En fait, des vents forts sont à nouveau prévus pour la semaine à venir, ce qui pourrait encore aggraver l’incendie de Palisades et les autres incendies du comté de Los Angeles. Des cambriolages ont également eu lieu dans des maisons en bon état : samedi, la police de Los Angeles avait arrêté vingt pilleurs. Enfin, la fumée et les gaz toxiques, comme l’odeur de la graisse de frite, menacent de pénétrer tout ce qui a survécu aux flammes.
Le marché de l’assurance californien pourrait connaître le même sort que celui de Floride
Une conversation avec Andrew et sa femme Leslie donne une idée du sort qui se cache derrière tous les décombres.

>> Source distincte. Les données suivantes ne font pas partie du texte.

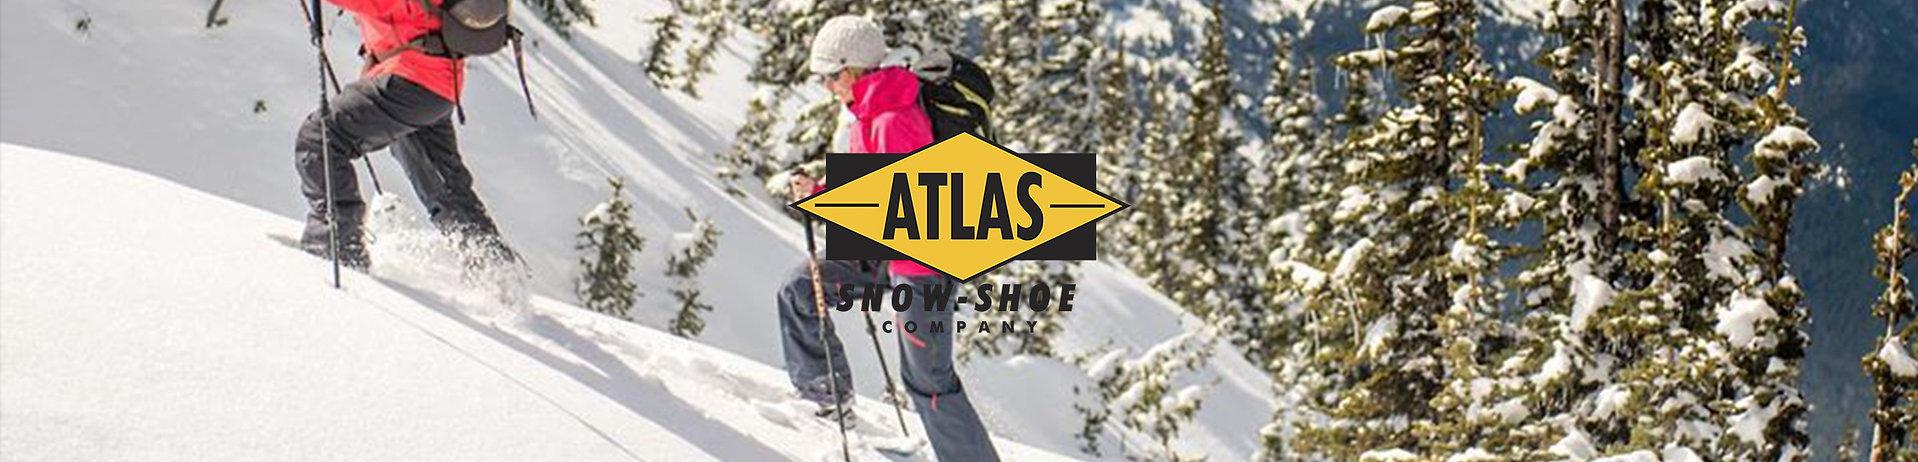 atlas-banner.jpg

Ils ne veulent pas lire leur nom de famille dans le journal, mais ils racontent quand même leur histoire. Leslie a élevé ses trois fils dans la maison ici à Pacific Palisades, en perdant deux au cours des cinq dernières années. Ils voulaient maintenant vendre la maison, ils avaient déjà trouvé un acheteur et l’argent avait été reçu par le syndic en début de semaine.
“C’est pour ça que nous n’avions rien de valeur dans la maison, c’était une chance”, explique Andrew, portant une casquette de baseball et des lunettes de soleil. “Mais la maison elle-même était importante pour nous.” Andrew est originaire d’Australie, où les incendies de forêt se produisent régulièrement, comme en Californie. “Nous n’aurions jamais pensé que cela pourrait toucher notre maison”, dit-il. « Cela aurait signifié que des milliers de maisons auraient dû brûler sous nos yeux. » De plus, les pompiers locaux se trouvent juste au coin de la rue, dit-il en désignant un bâtiment en brique au bout de la rue. « Ils ont survécu à l’incendie, mais ils n’ont plus de quartier. »
Il estime que la Californie est désormais menacée du même sort que la Floride : certaines parties de l’État sont considérées comme non assurables, le danger d’ouragans annuels est trop grand et aucune compagnie d’assurance privée ne veut plus prendre de risque. « C’est exactement ce à quoi nous sommes confrontés ici », estime Andrew. Étaient-ils suffisamment assurés ? Andrew pense que oui, mais les semaines à venir nous le diront. Les conflits avec les compagnies d’assurances vont seulement commencer.
Cet article est paru pour la première fois sur 12 janvier 2025 dans la NZZ. Cette version est une version mise à jour.